--- Data extract Enclosed Below ---

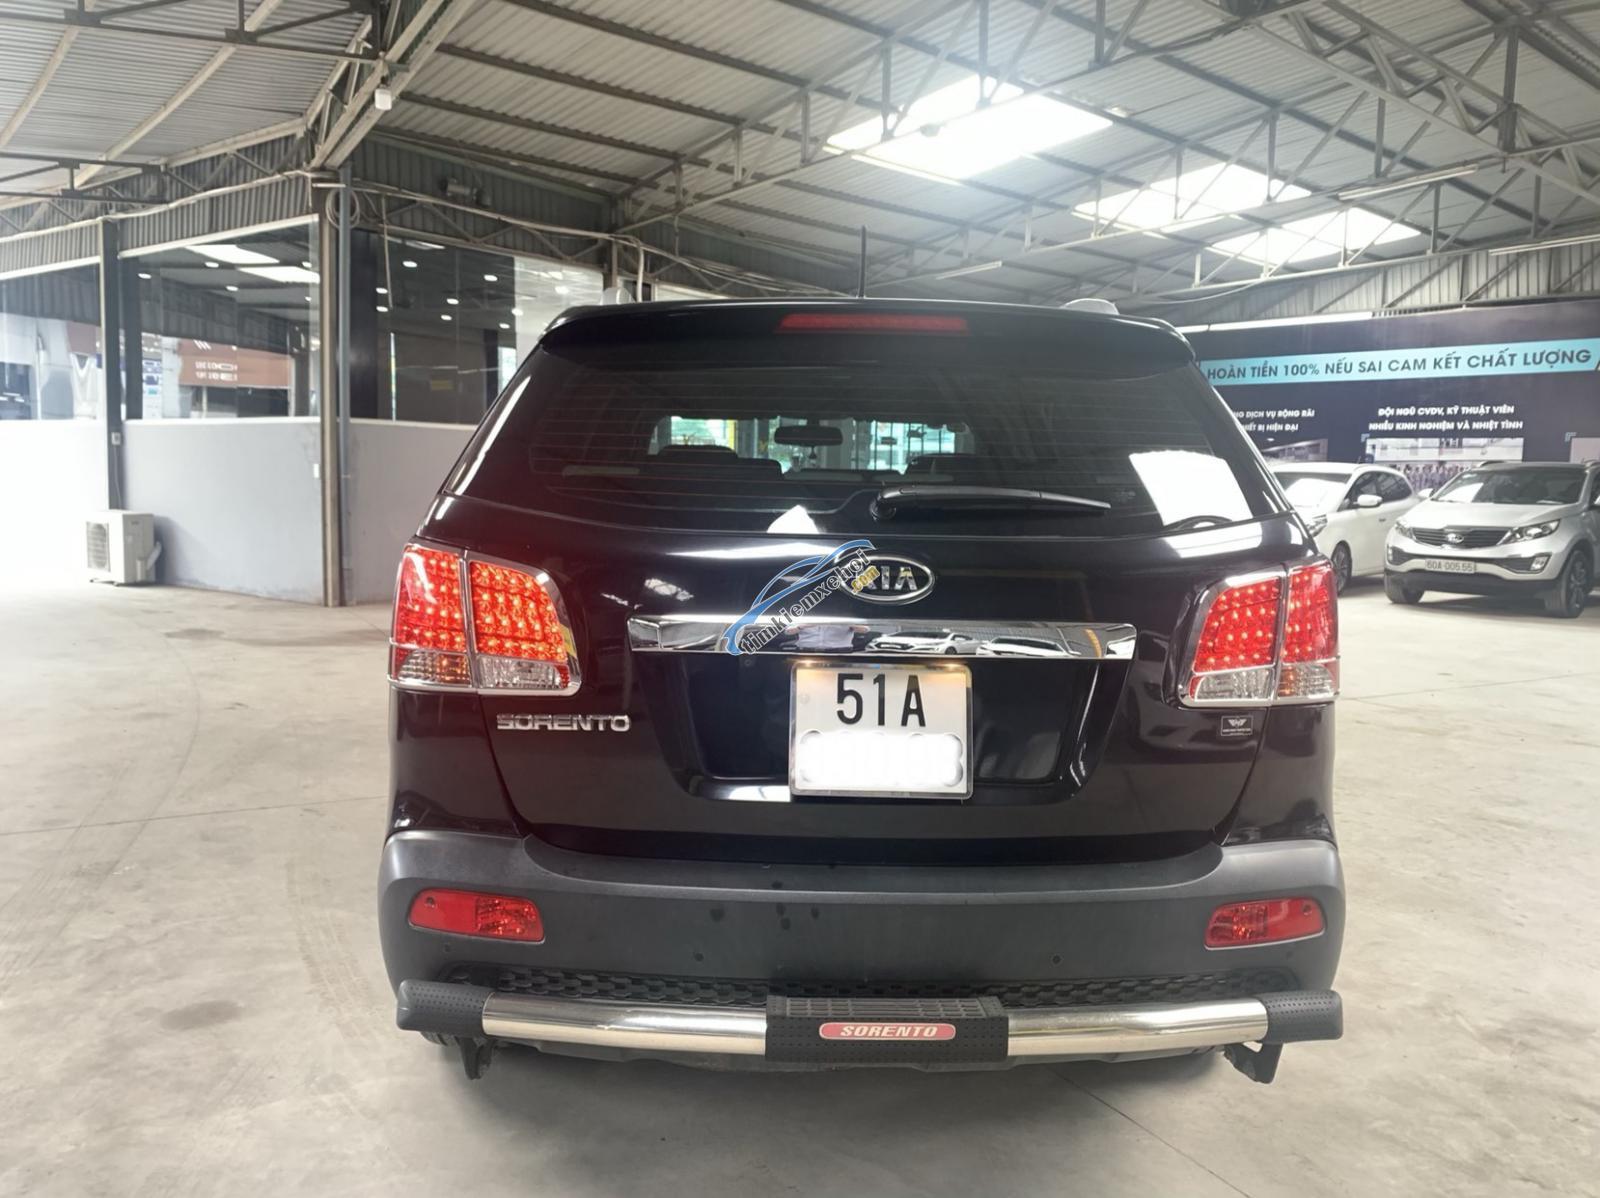 Hãng bán Sorento full xăng 2012, màu đen, đúng chất, biển TP, giá TL, hỗ trợ góp
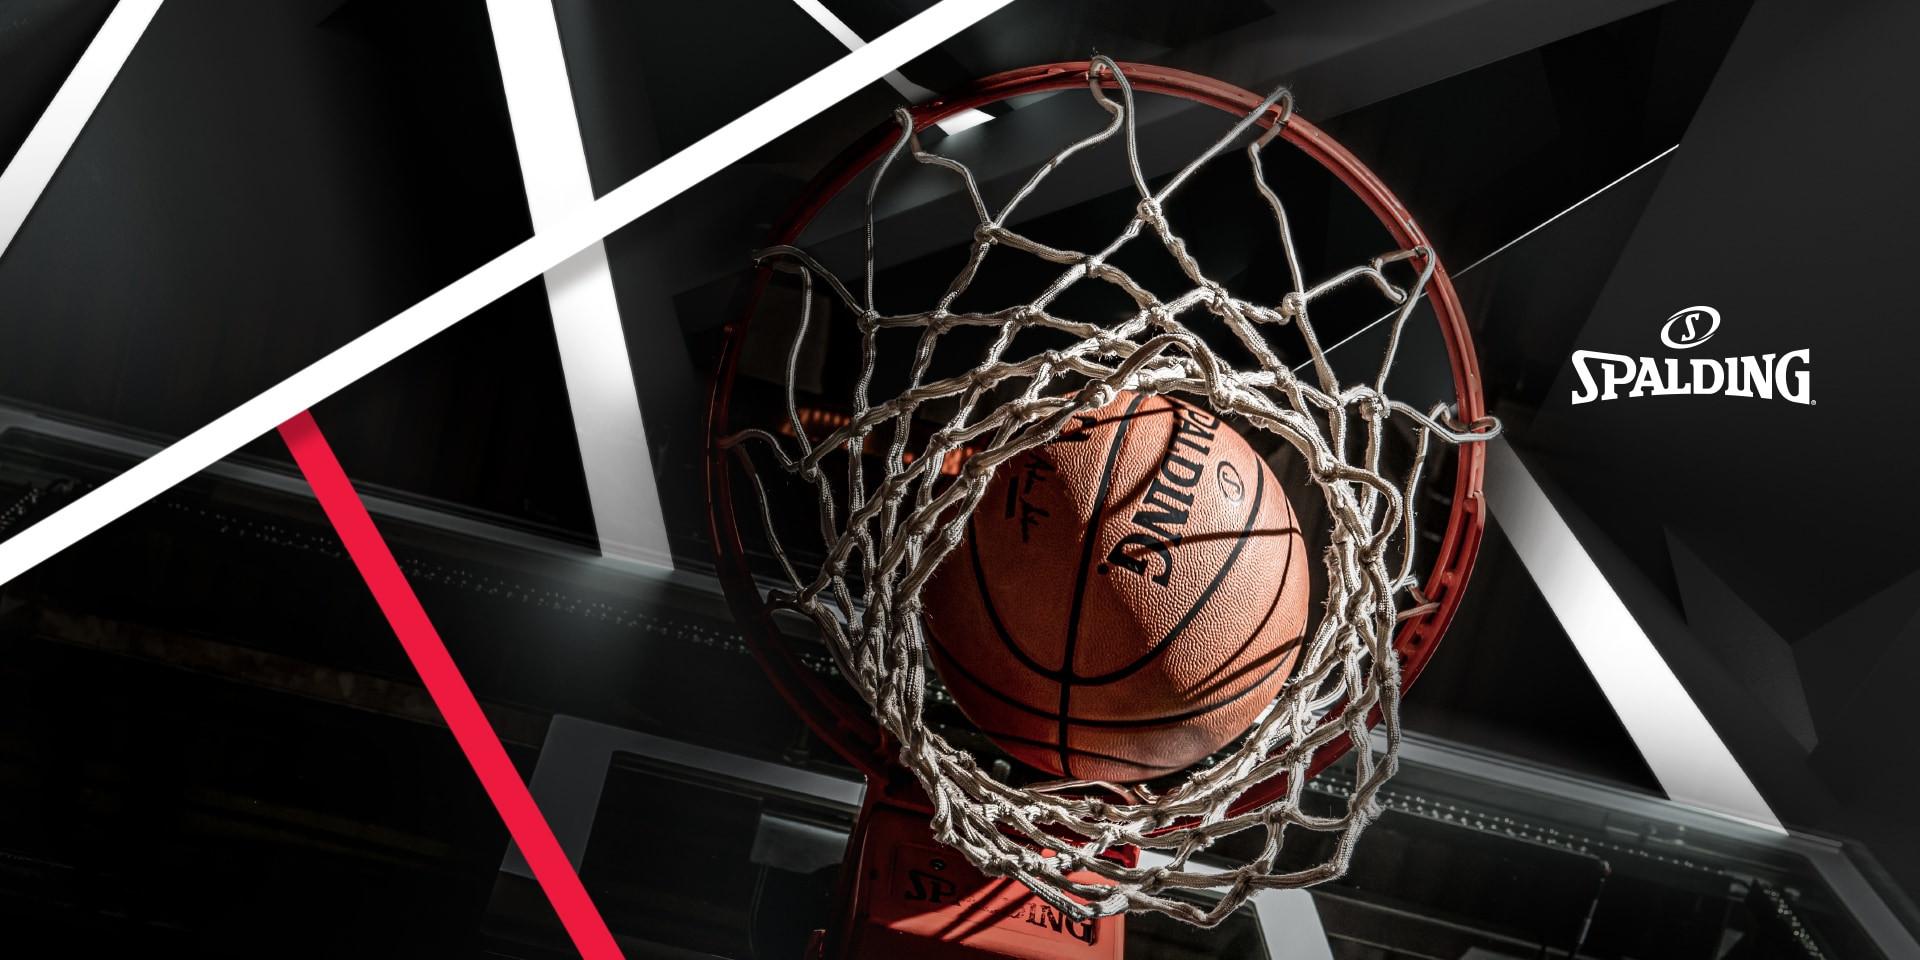 Welke basketbal heb ik nodig?
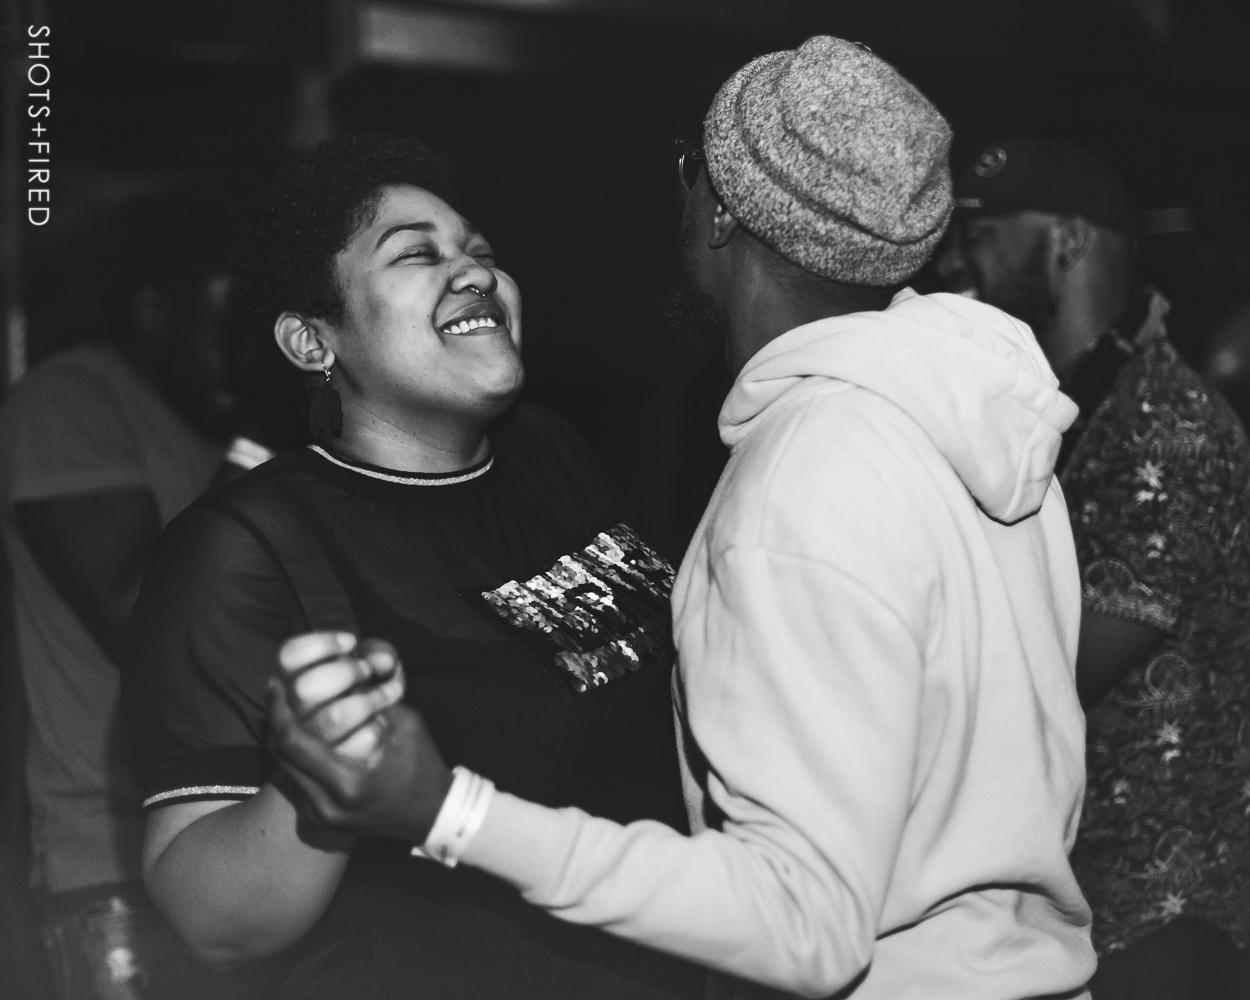 FRIENDS & FAM (PHL) W/ MATTHEW LAW Feat. DJ LEANWITIT Hosted By QUEEN JO @ WAREHOUSE ON WATTS (February 2019) // Presented By Matthew Law //

--- End of Enclosed Data extract ---

*What to produce*: Return the data above in its exact wording, with none of the pictures.

*Task result*:
 Hãng bán Sorento full xăng 2012, màu đen, đúng chất, biển TP, giá TL, hỗ trợ góp
 Welke basketbal heb ik nodig?
 FRIENDS & FAM (PHL) W/ MATTHEW LAW Feat. DJ LEANWITIT Hosted By QUEEN JO @ WAREHOUSE ON WATTS (February 2019) // Presented By Matthew Law //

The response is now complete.